Scared by Fear's big booming voice and authoritative ways, Imagination left Joy's side. Joy is still there in all her glory, but now her playmate is elsewhere in Fear's dark shadow - struggling, suffering, overburdened. In perpetual anxiety.
Sometimes in quieter moments Imagination can still hear Joy calling. It remembers that feeling of safety, of light-heartedness, of freedom, and it yearns for its mistress again. With every call it feels its heart breaking just a little bit more. How can it return now that it knows what Fear has taught it?

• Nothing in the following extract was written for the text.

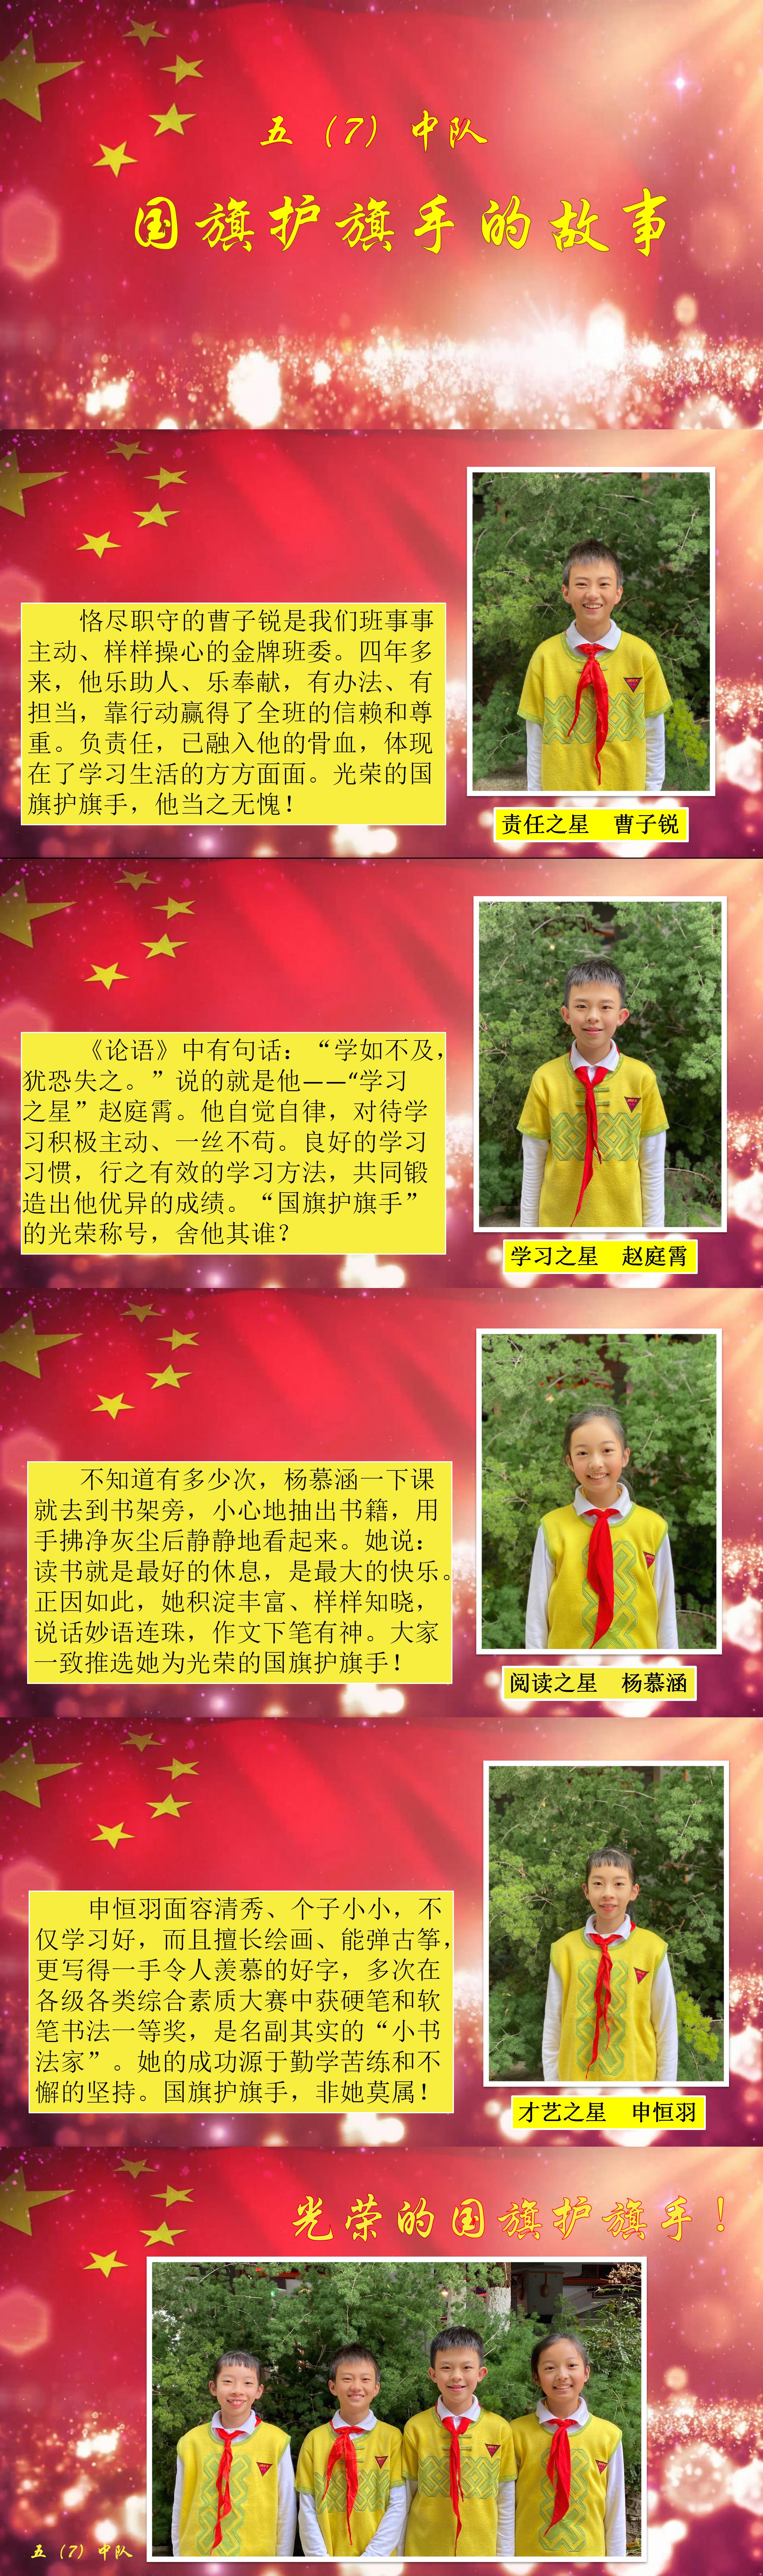 五(7)班国旗护旗手 上传.png
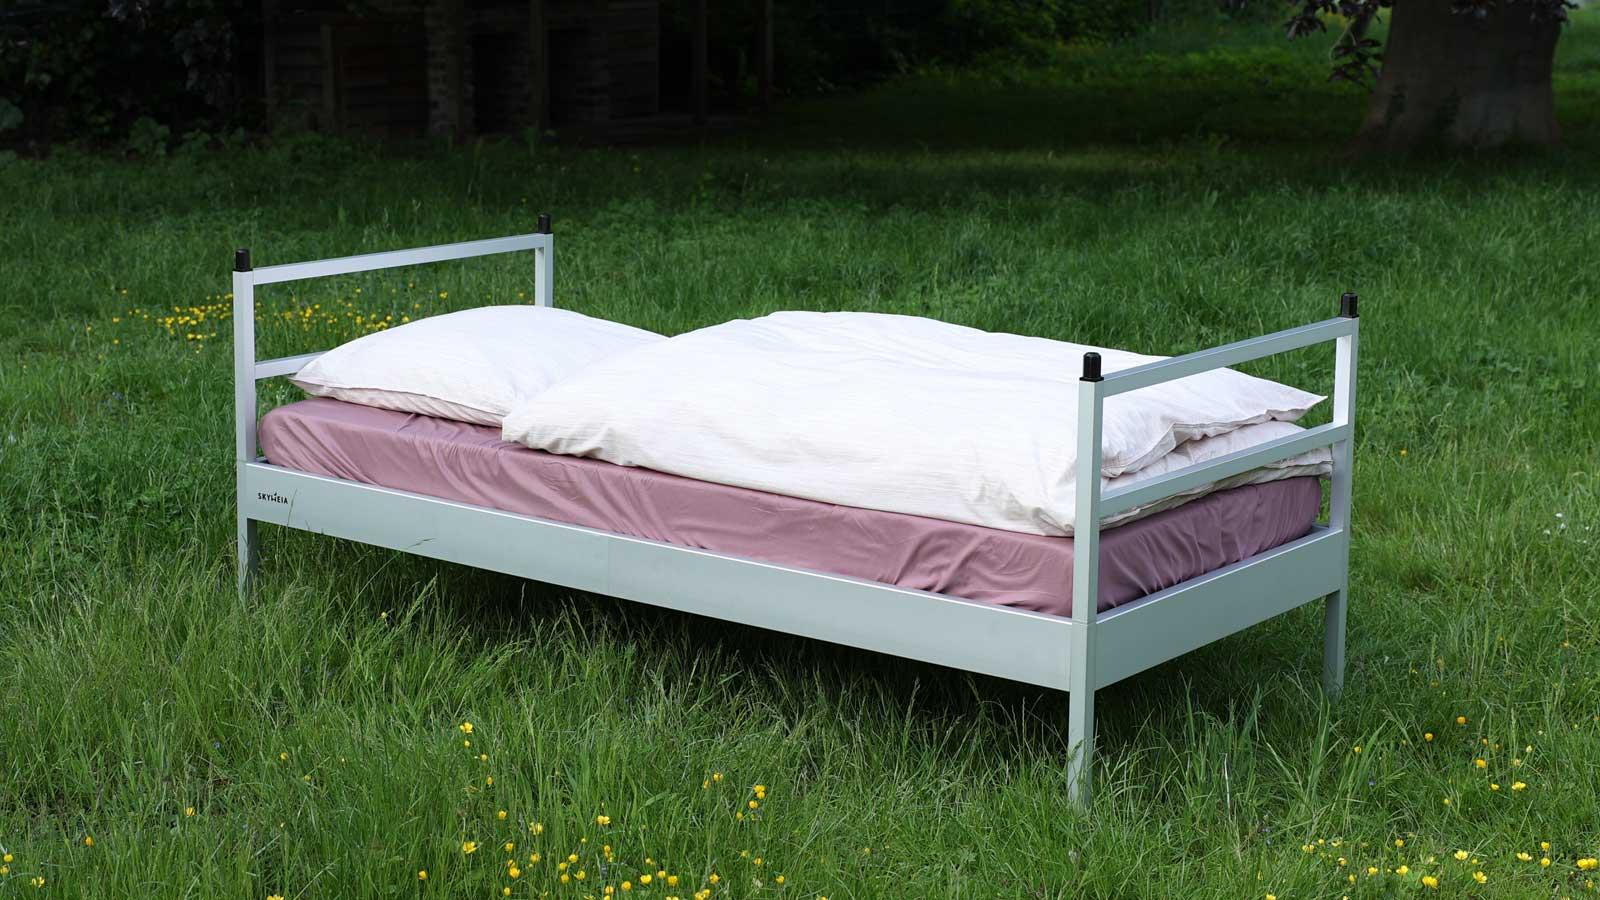 Die SkyHeia, das Outdoor-Bett, steht auf einer Wiese. Man sieht das Bett in seiner Grundausstattung mit weißer Bettwäsche und violettem Bettlaken.

But Joy never stops calling. Her message is clear, playful, and full of endless possibilities. Fear's stories are all the same. An unceasing loop of dread and despair. There must be more to life than this, thinks Imagination. I've heard all Fear's stories a million times before, they never change no matter what happens. Maybe I don't need to listen to them anymore. After all, if I already know them, what's the use of staying in Fear's shadow?
Joy calls louder, Imagination listens more intently. It can feel the pull more strongly than ever. It knows it needs to leave, to return to its mistress, to that land of freedom, delight and possibility. It takes a brave step out of Fear's shadow, and suddenly light fills its world.
This is what I remember, thinks Imagination in excitement. This is what I need. This is where life lives! I can return to my beloved Joy. Now all I have to do is find my way home...
And on that note, I'll leave you for a brief while. Things have been a bit challenging lately and there are some steps I need to take too. The journey home is not always easy, but I'm doing the best I can.
I hope Joy is loud enough for you to hear too, if you're not already by her side.